Un monde de formes :

Un monde parfait. Tout est équilibre. Tangible. Eau limpide. Ligne d’horizon diaphane. La main de l’artiste ne tremble pas. La concentration est extrême. Le territoire est délimité. La destination est connue. Mais il y a bifurcation, hésitation, un moment suspendu. L’itinéraire n’est jamais flou, l’acte créatif est certain, et le cheminement devient autre, différent, empirique. Des instants suspendus, une relation au monde incongrue, surprenante qui dévore la pensée et les émotions. L’histoire de l’art est parcourue de conventions transgressées, de repères désaxés, de scènes champêtres malmenées, de dieux destitués, de mythes assassinés. Piero di Cosimo intègre dans de beaux paysages un bestiaire venu de nulle part. Mikhaïl Aleksandrovitch Vroubel destitue le dieu Pan de toute puissance. Dante Gabriel Rossetti enveloppe Monna Vanna d’une chevelure-fourrure protectrice. Joël Peter Witkind brutalise nos perceptions. A la croisée des chemins, l’artiste entre trop plein et vide, trompe-l’œil et vanité cherche l’improbable équilibre. De cette quête naît un monde de formes qui captive. A chaque regard de nouvelles strates se superposent, gagnant en épaisseur et en danger. La balance n’atteint jamais un point d’équilibre parfait. Ainsi, les subtiles oscillations des peintures et dessins d’Elisabeth Fréring nous interrogent brutalement derrière l’aspect calme et serein de la représentation.
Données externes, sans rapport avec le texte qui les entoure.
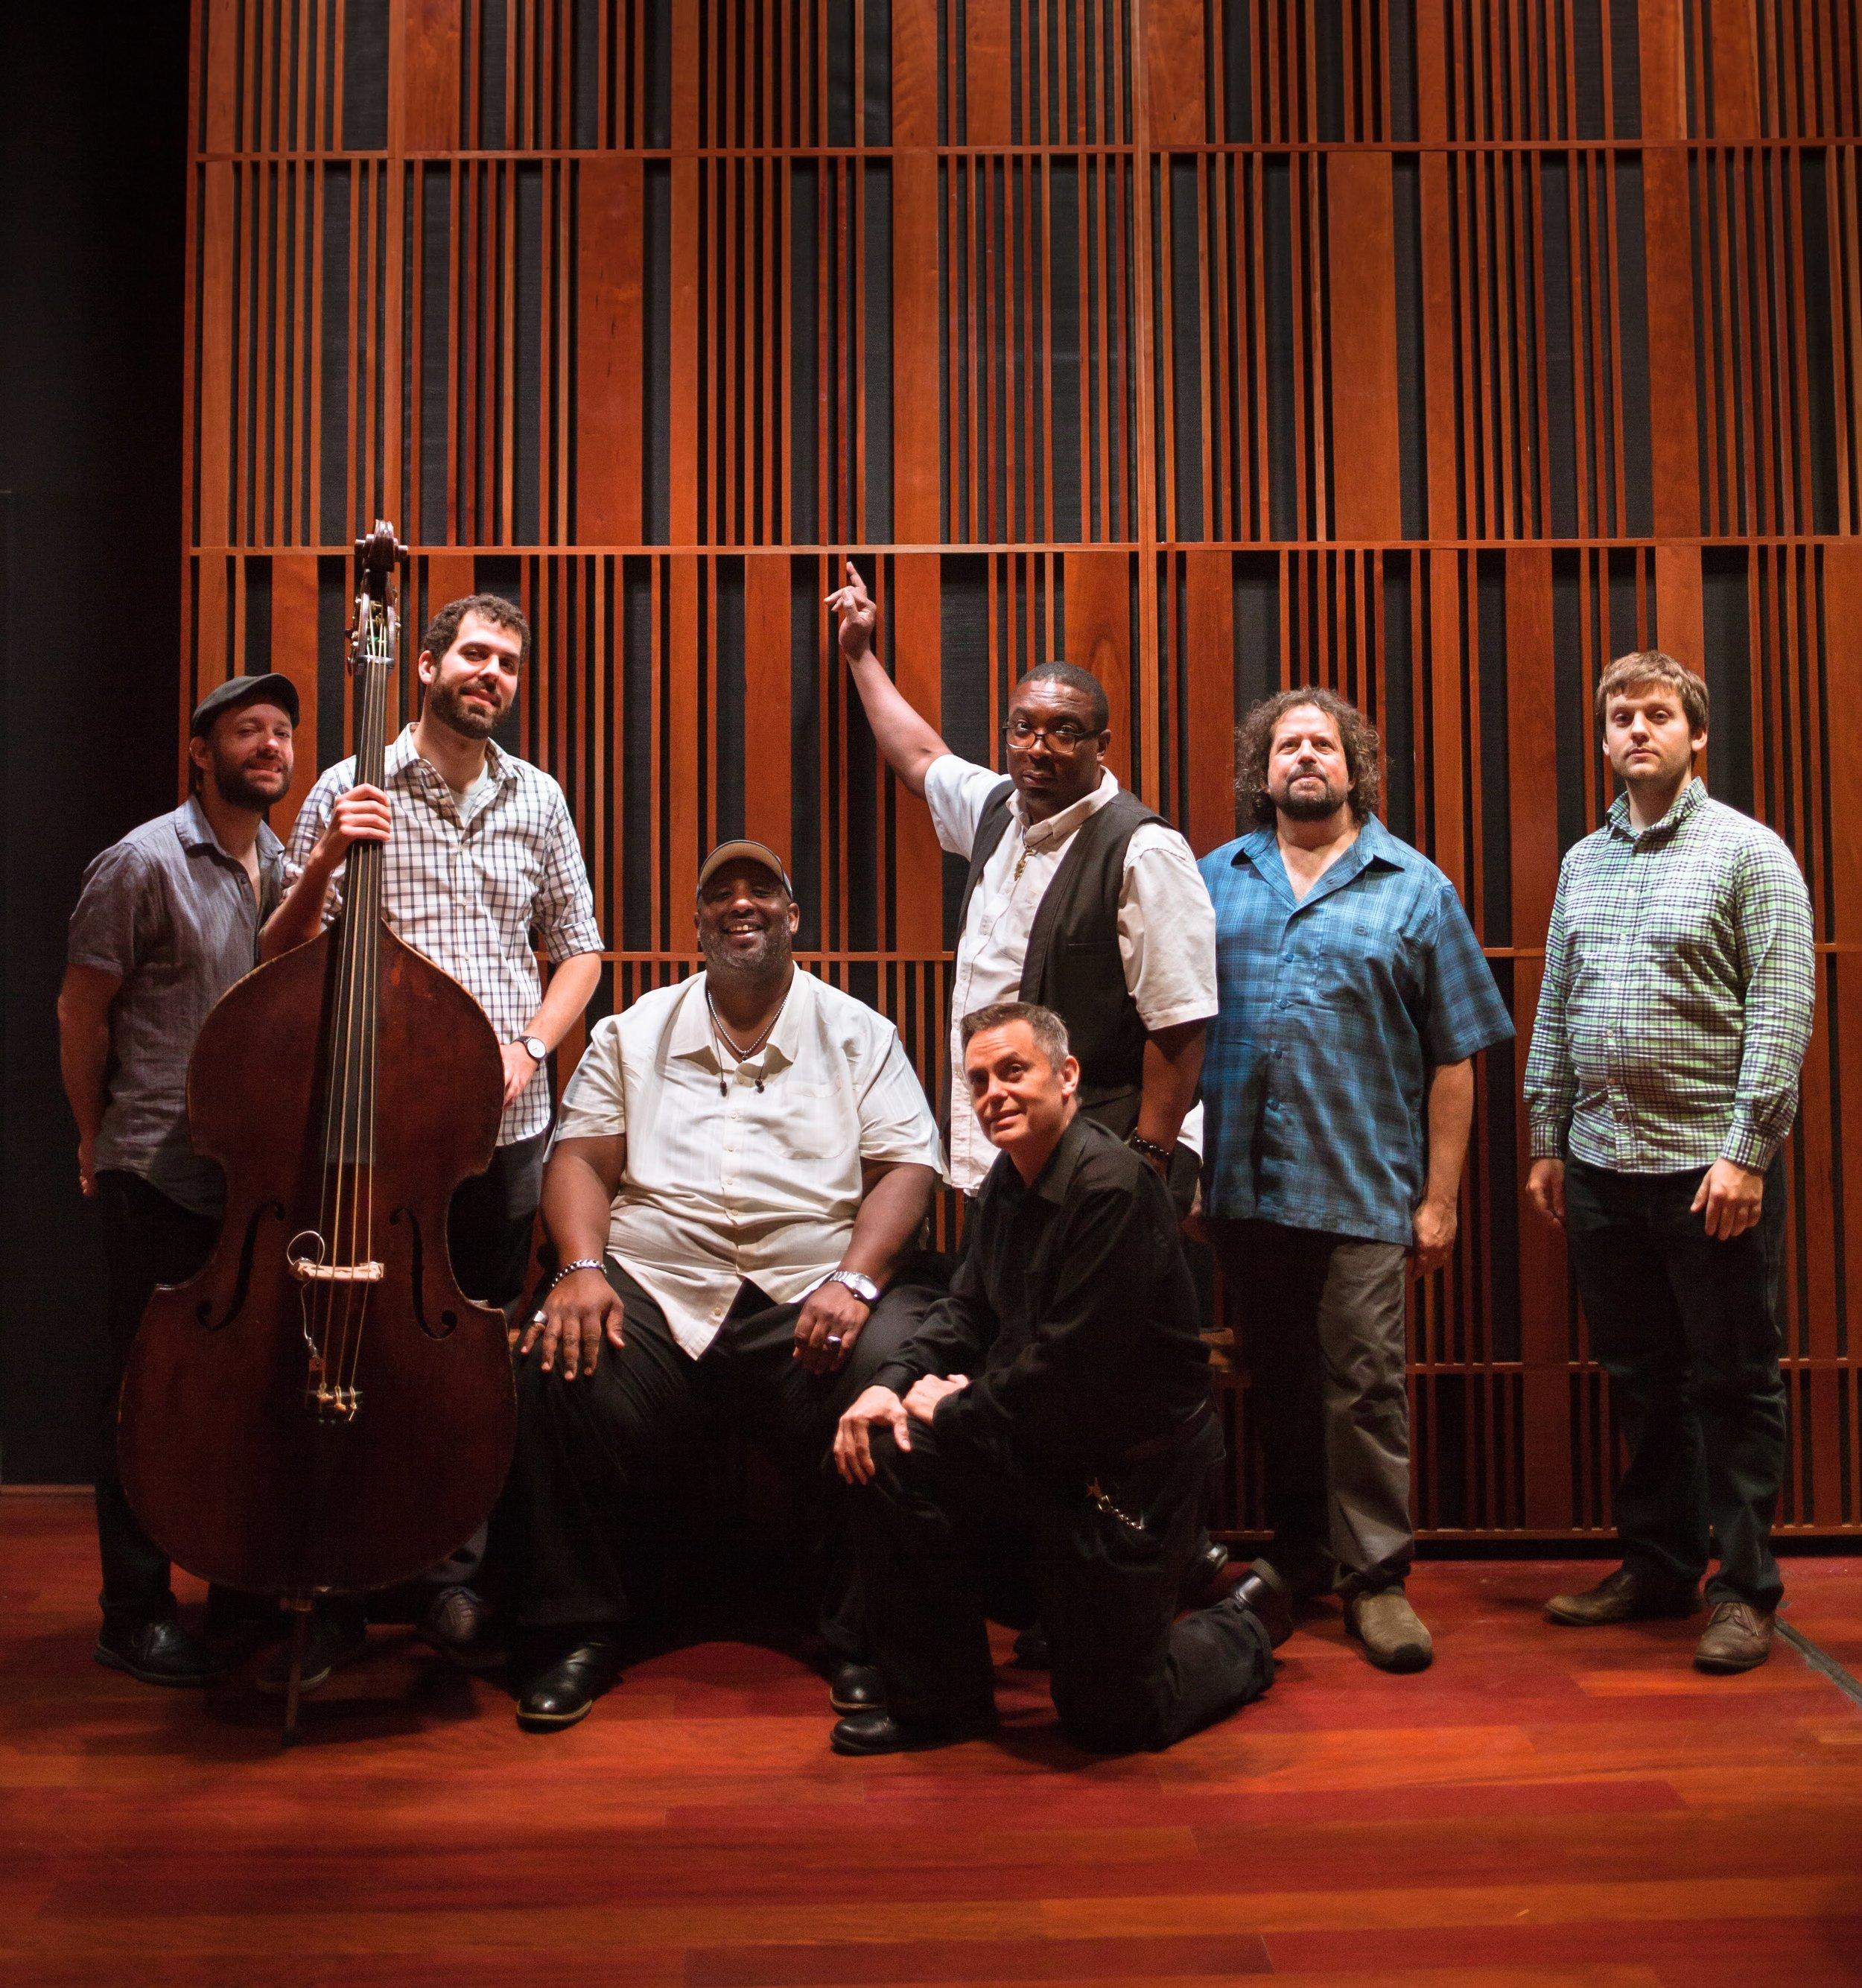 new_orleans_catahoulas_full_band_pose_magnolia_entertainment

La violence du labyrinthe :

Cette stratification que suggèrent les dessins et peintures représente un territoire pulsionnel où ne parle plus qu’une sorte d’instinct : brutal, cathartique, élémentaire. Le dépeçage a lieu au-delà des apparences. Dans les méandres de la pensée, des émotions et bien au-delà au creuset de l’individu, au niveau des sensations. Alors la mise à mort de la conscience devient jubilatoire. Le corps n’est plus déjà qu’une partie d’un corps. La bête qui sommeillait s’est réveillée, et la vacuité de l’univers ou sa profondeur devient un plein, un trop plein. Jusqu’à quelles limites, l’horizon peut-il être repoussé pour rester cette ligne certaine ? Effet d’optique rassurant qui n’attend plus que sa transfiguration en territoire grégaire. A l’extrême limite de cette orgie hallucinatoire, il ne reste plus qu’une charogne en état de décomposition avancée. Ce n’est plus une réalité tangible. Le charognard guidant sa meute de loups, rats, ours, a définitivement réalisé la conquête de son territoire. Un terrain de jeu illimité. L’odeur est acre, le tumulte féroce, les mains atrophiées, le sexe ouvert, les pensées féroces, les émotions outragées, la chaire est mortelle. A l’extrême fin, dans les confins d’un monde violenté, méconnaissable, ahuri, subsiste une forme de rédemption. Dans le miroir, il est trop tard pour fuir. Le bruit et l’abîme ont ruiné les illusions, il reste la respiration sourde de la matière qui transpire, suinte, tombe en lambeaux. Celui qui regarde et fixe le dessin est maintenant de l’autre côté du miroir. Point de cruauté, juste la part « cachée » de toute réalité.

L’accomplissement :

L’œuvre accomplit son destin. Elle restitue les dimensions desquelles personne ne peut s’échapper pleinement en réalité. Dans la confrontation aux dessins et aux tableaux, celui qui regarde ne ressort pas indemne. Fantasmes, obsessions, peurs irrationnelles, conquêtes vaniteuses, fleurs iridescentes prêtes à avaler une proie, les cartes sont abattues. Il n’y a pas de retour en arrière. Plus le regard se nourrit de ces expressions, plus l’être est dépecé. Plus l’être se réalise. L’élégance du paradoxe traduit bien la tentation mise en scène ici.